Assigned task: Below are some records. Retype exactly the lines from the one containing "2af58723678 AUDREY HEPBURN" through the one containing "Chihuahua bakery shut", both included, skipping every picture.

[[ Given data open ]]

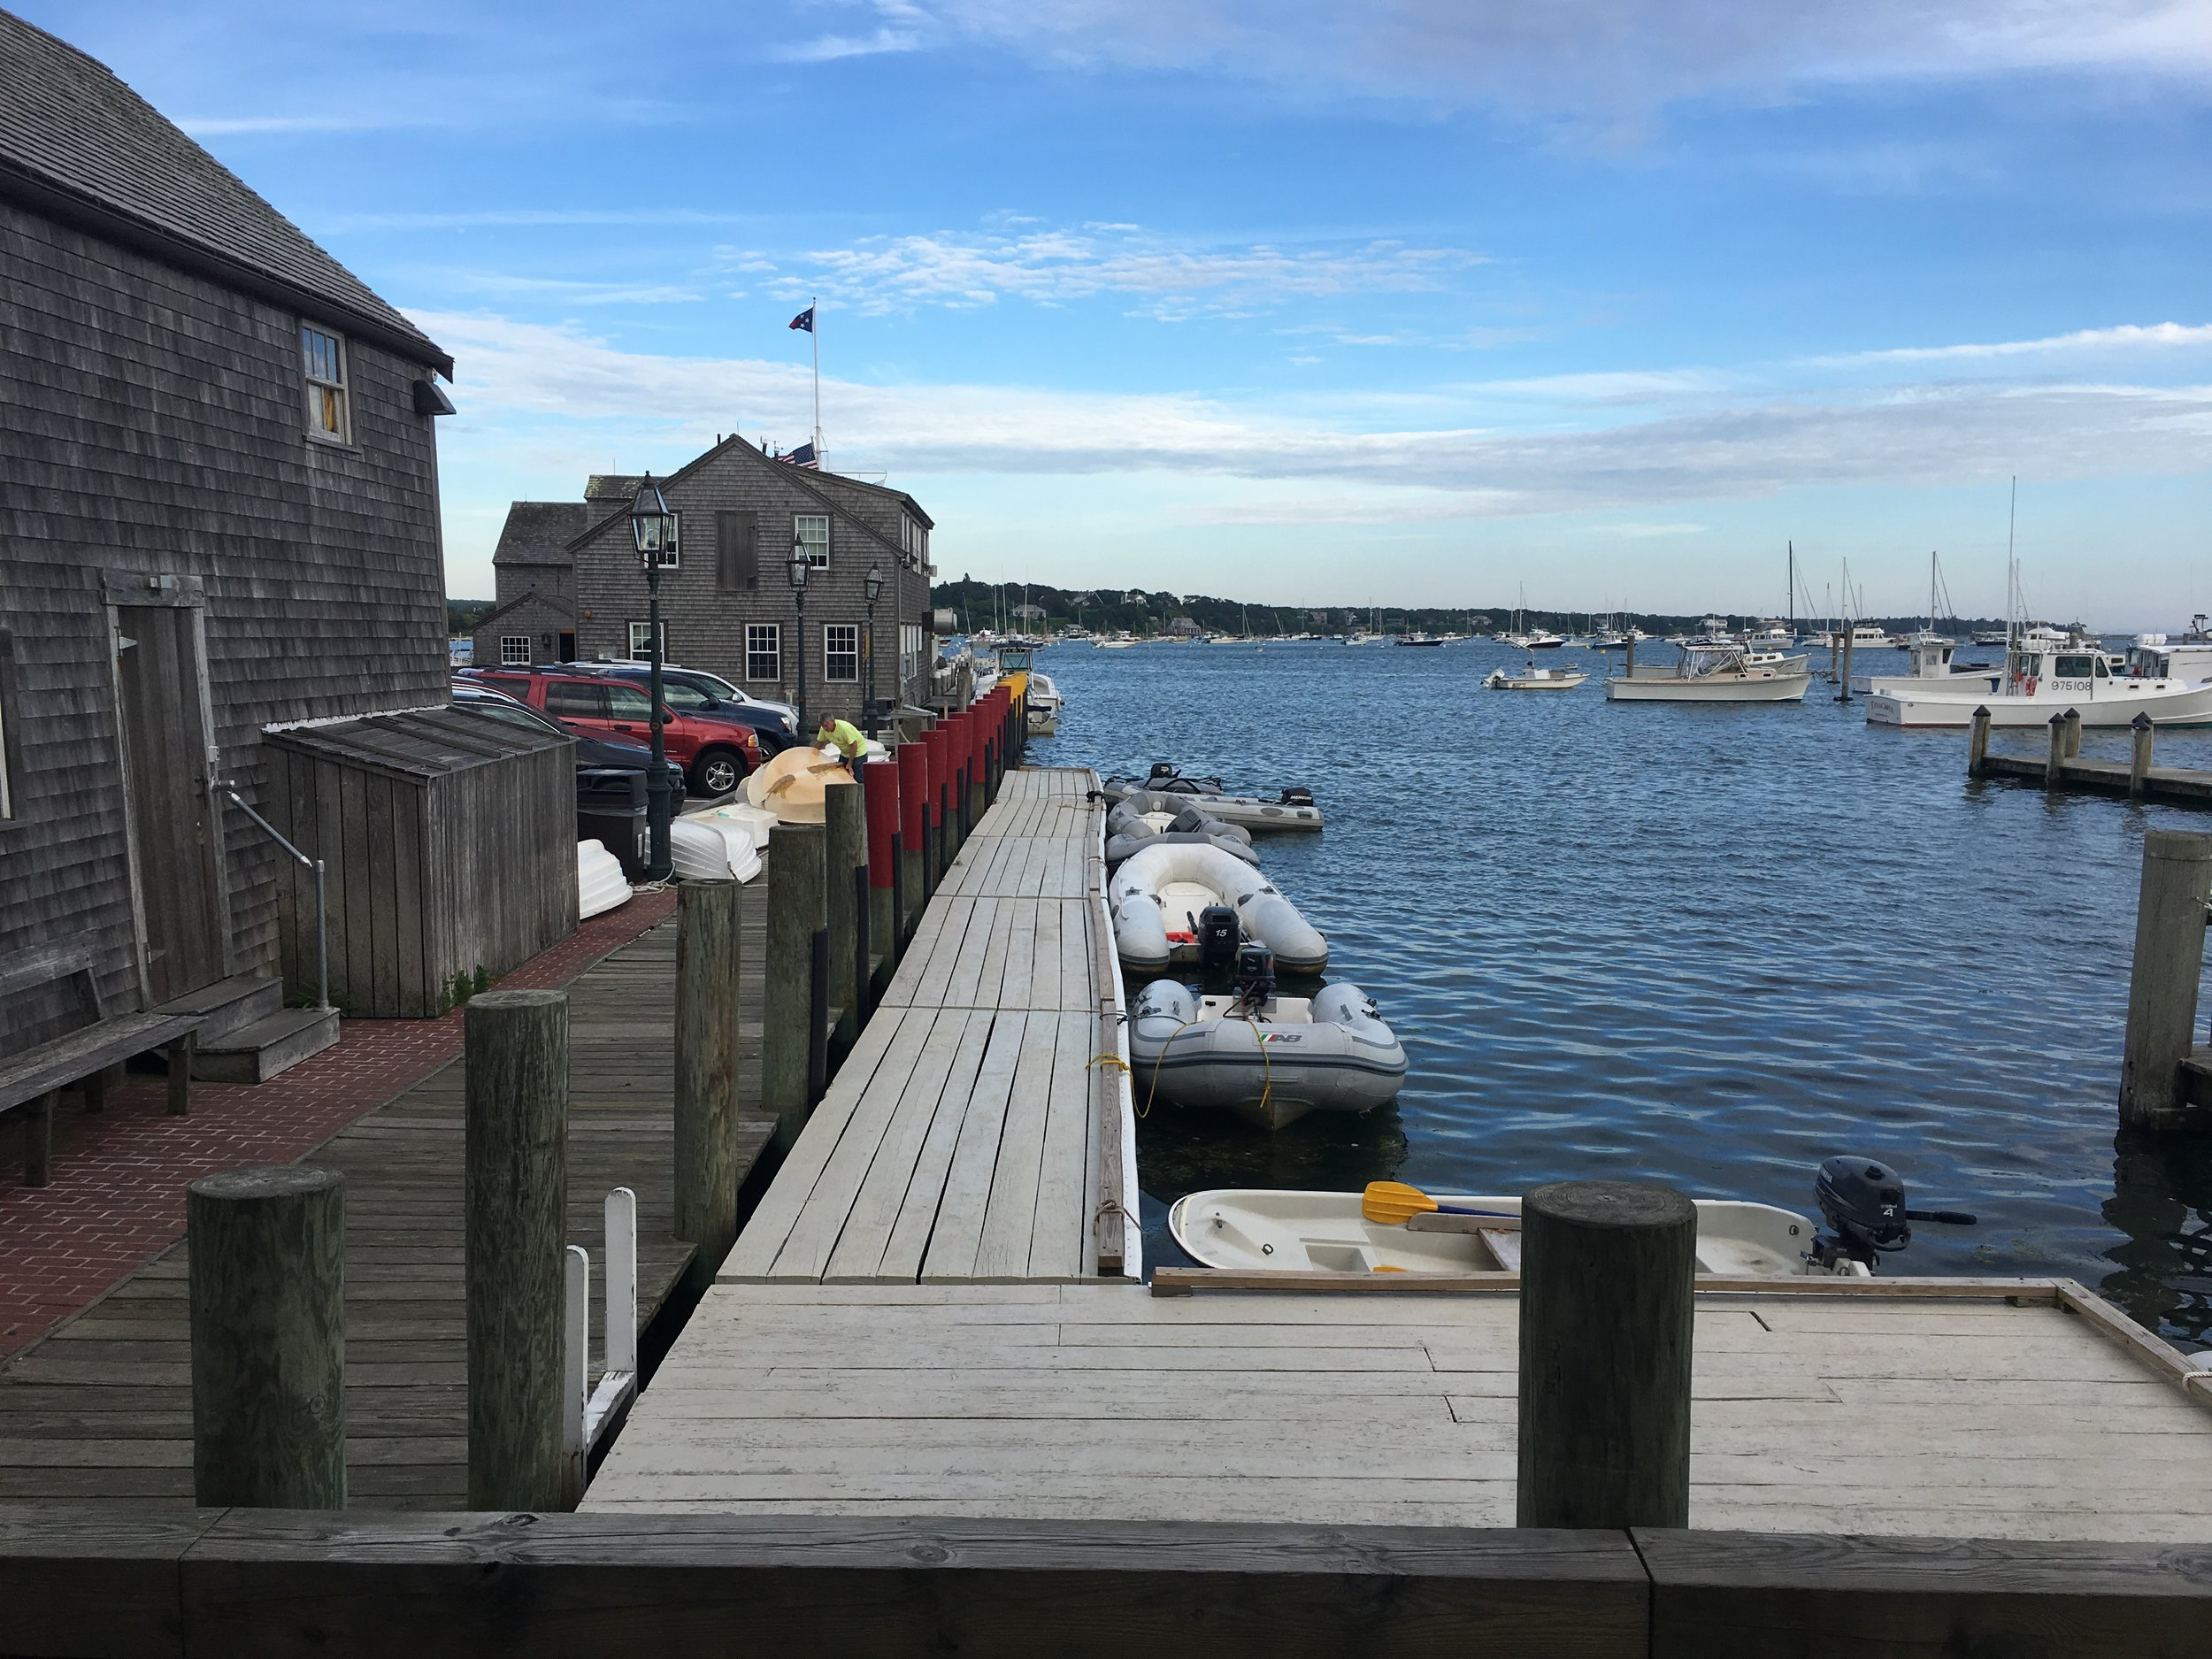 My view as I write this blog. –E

[[ Given data closed ]]
[[ Given data open ]]

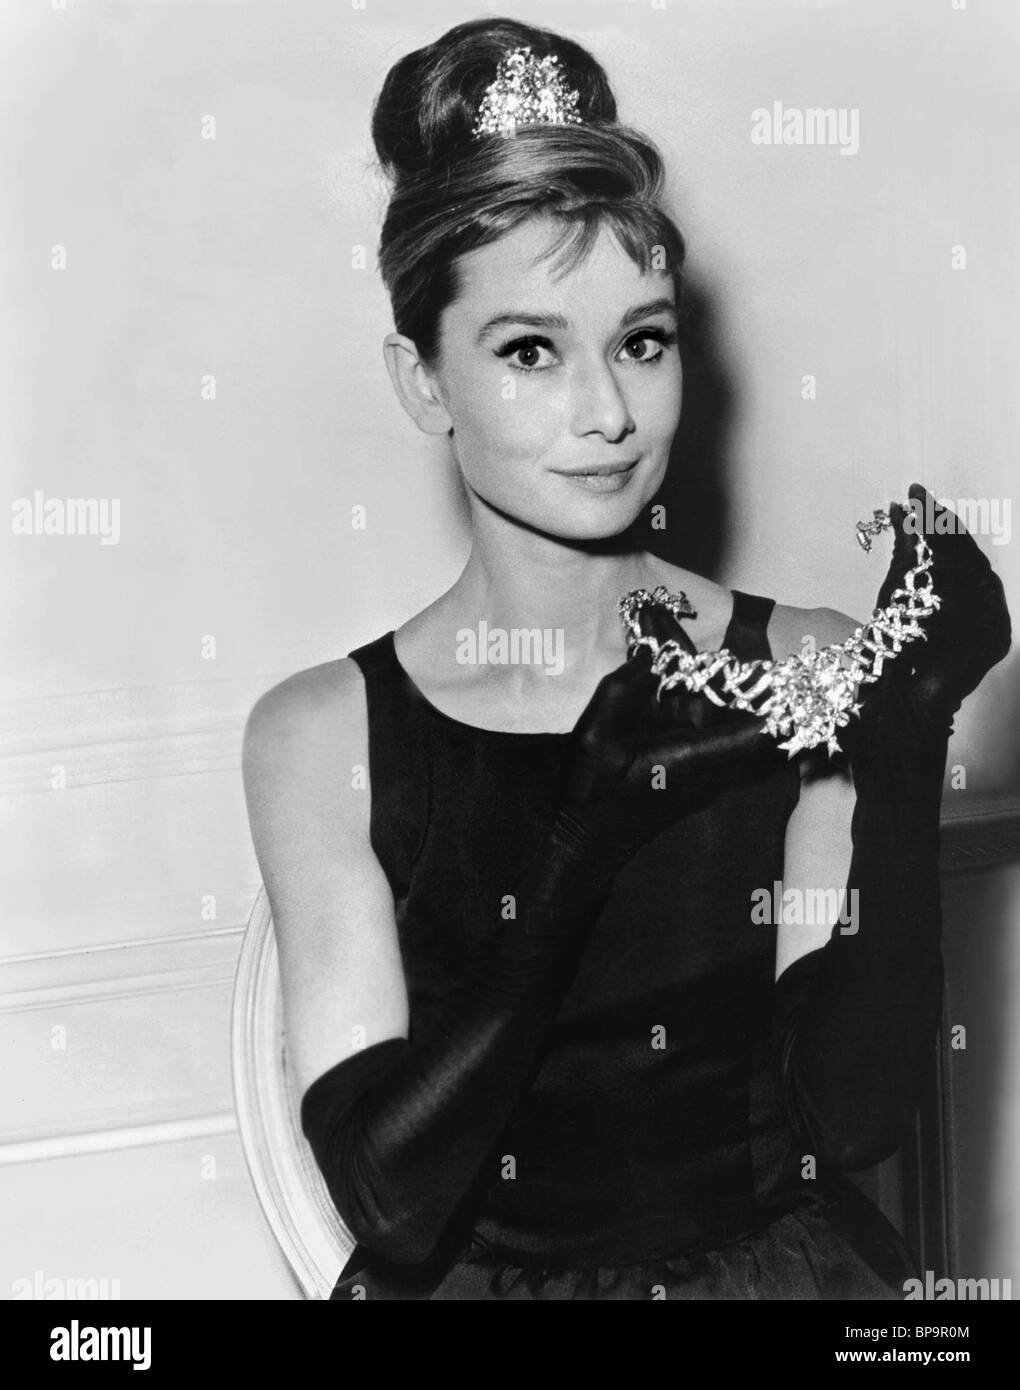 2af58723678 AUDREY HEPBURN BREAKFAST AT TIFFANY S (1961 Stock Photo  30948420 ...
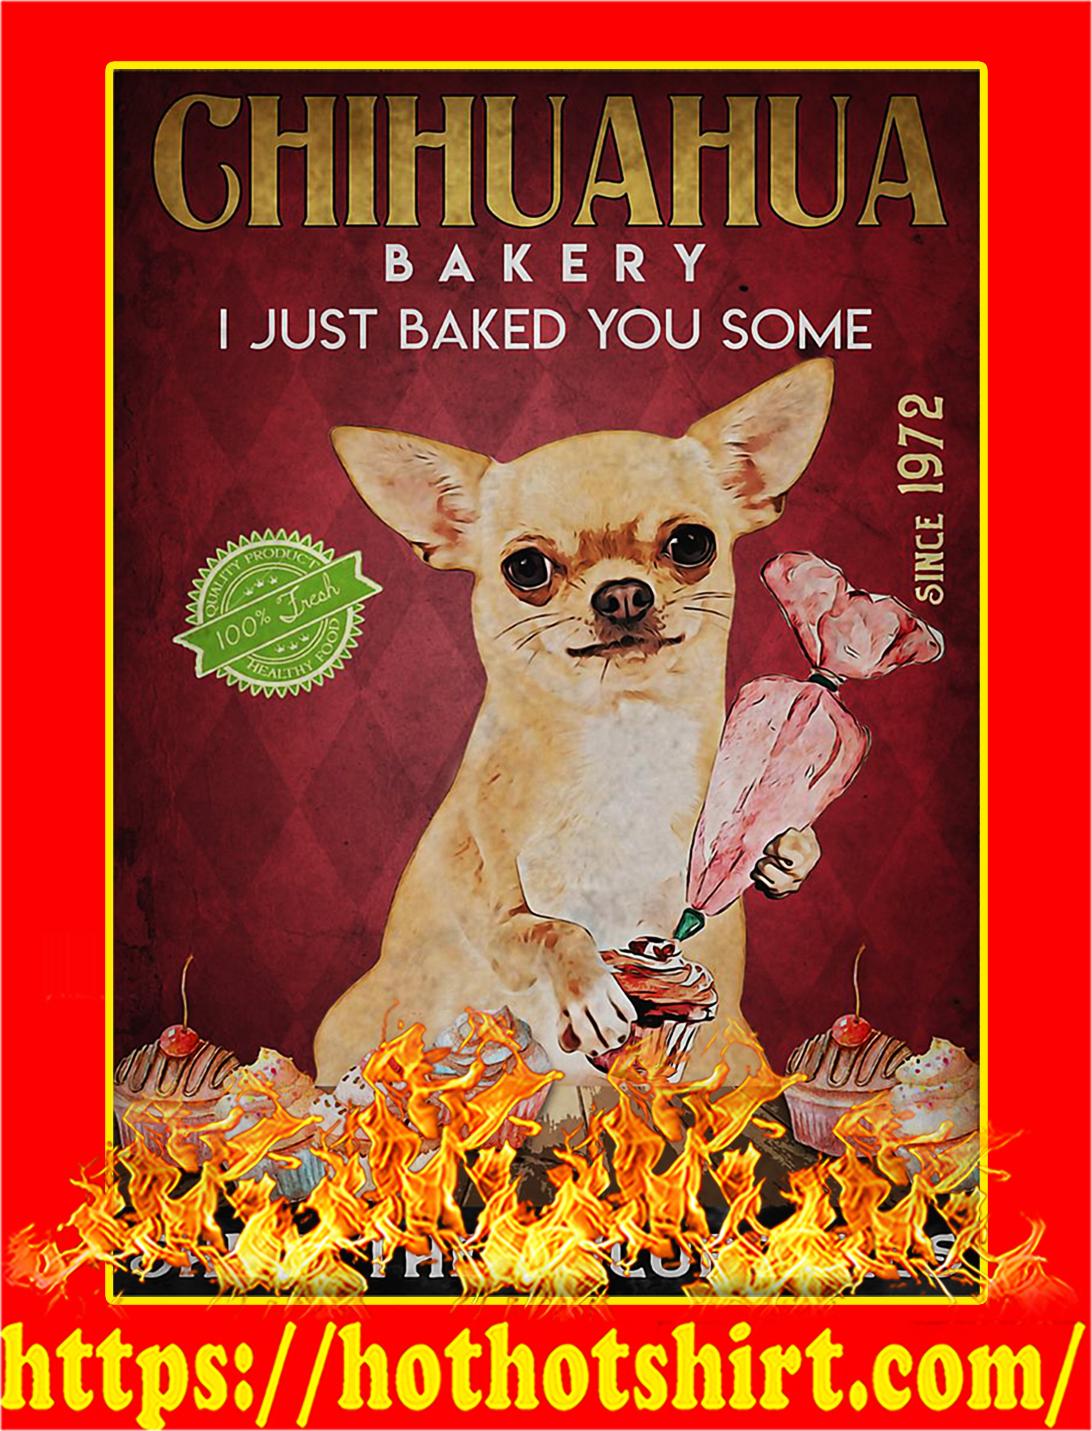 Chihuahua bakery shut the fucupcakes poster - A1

[[ Given data closed ]]

Exercise answer:
 2af58723678 AUDREY HEPBURN BREAKFAST AT TIFFANY S (1961 Stock Photo  30948420 ...
 Chihuahua bakery shut the fucupcakes poster - A1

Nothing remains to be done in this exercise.